Die Deutsche Umwelthilfe (DUH) will mit einer Klage BMW und Daimler zum Produktionsende von Verbrennungsmotoren bis 2030 zwingen. Das teilte die DUH heute mit. Die Klageschriften wurden demnach bei den zuständigen Landgerichten in München und Stuttgart eingereicht.

Der Verein fordert von BMW und der Daimler-Marke Mercedes-Benz "den klimagerechten Umbau ihrer Unternehmen insbesondere durch eine drastische Reduzierung der CO2-Emissionen ihrer Fahrzeuge im Einklang mit den verbindlichen Regelungen des Pariser Klimaschutzabkommens und des deutschen Klimaschutzgesetzes".

Die beiden Autohersteller sollen dazu unter anderem bis 2030 den Verkauf klimaschädlicher Pkw mit Verbrennungsmotoren stoppen. Die DUH hatte zuvor von den Herstellern bis 20. September eine entsprechende Unterlassungserklärung gefordert und mit einer Klage gedroht. BMW verwies heute morgen auf dpa-Anfrage zunächst auf das bereits an die DUH zugestellte Antwortschreiben, in dem BMW den behaupteten Anspruch der Umwelthilfe zurückweist und auf den Gesetzgeber verweist.
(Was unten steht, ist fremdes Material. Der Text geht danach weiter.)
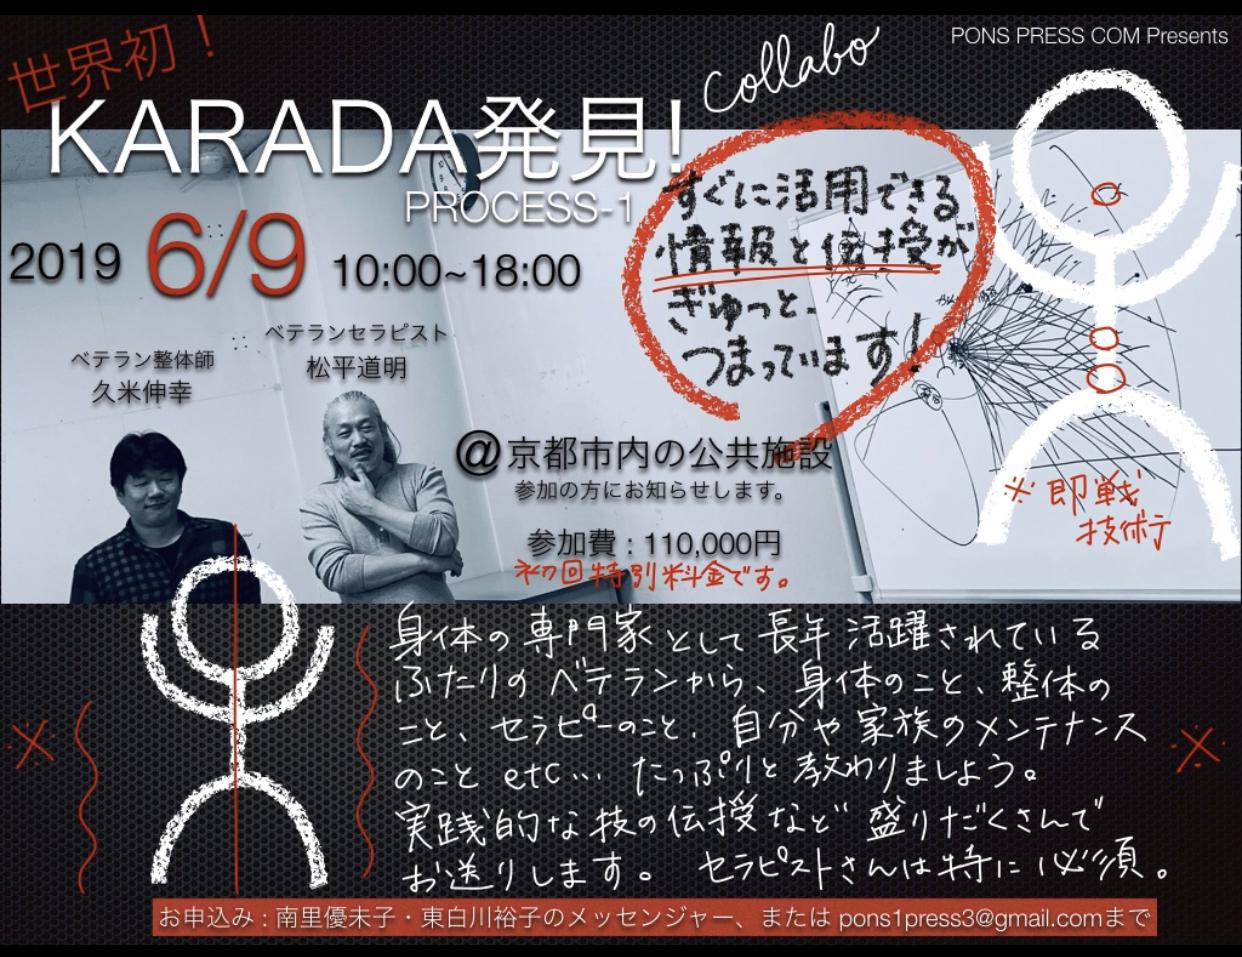 2019/6/9 KARADA発見@京都
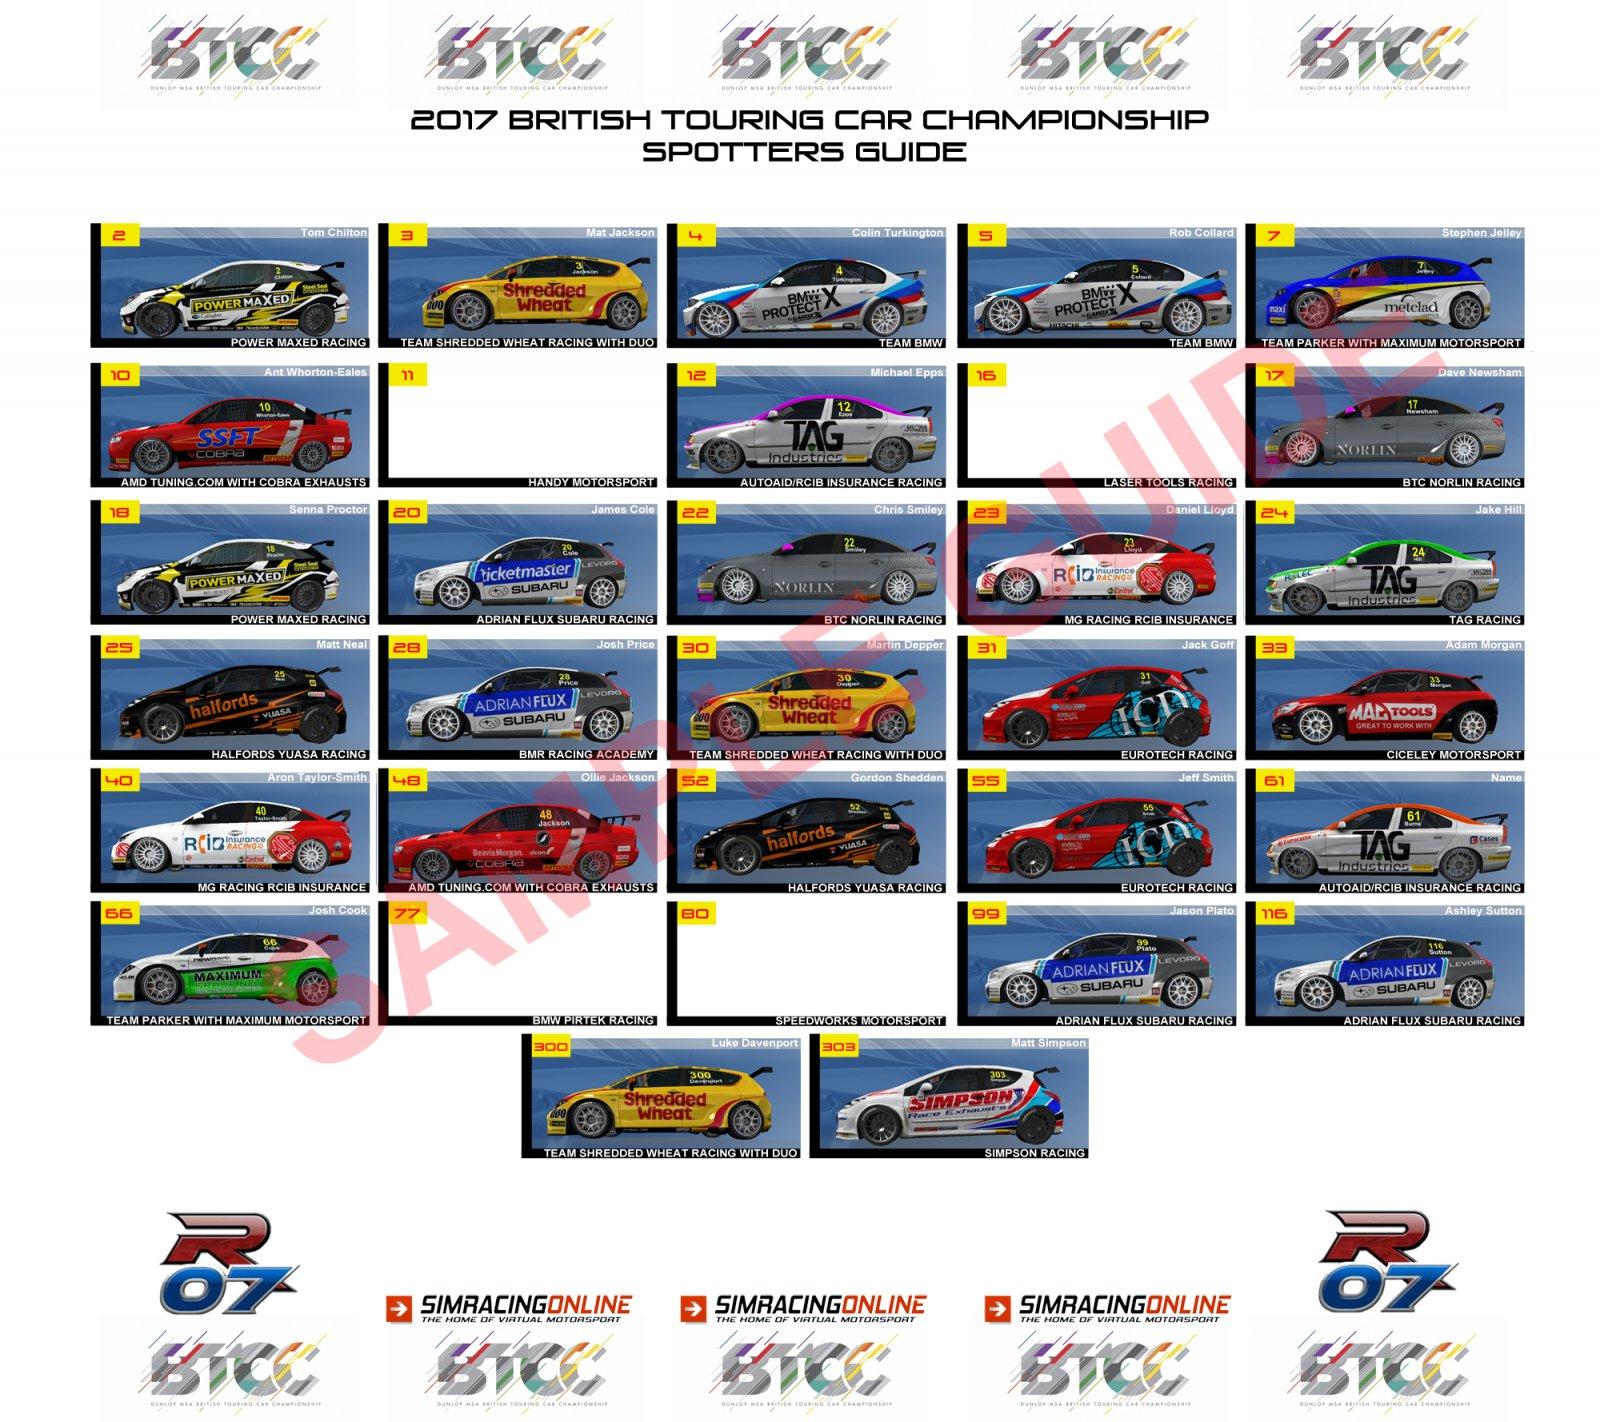 Spotters Guide BTCC 2017.jpg

Über den Weg zur Erreichung der Klimaziele entschieden die demokratisch legitimierten Parlamente, hieß es in dem Schreiben.

Ein Sprecher von Mercedes-Benz sagte auf Anfrage: "Wir werden uns das anschauen, wenn die Klagen da sind." In dem Antwortschreiben des Unternehmens an die DUH hieß es, für eine Unterlassungserklärung sehe man keine Grundlage, "denn wir haben längst eine klare Erklärung für den Spurwechsel zur Klimaneutralität abgegeben."

"Es ist genauso eingetreten, wie wir es uns gedacht haben", sagte DUH-Anwalt Remo Klinger dem Handelsblatt. Der Klimarechtler ist zuversichtlich, dass es bereits nächstes Jahr in die mündlichen Verhandlungen gehen könnte.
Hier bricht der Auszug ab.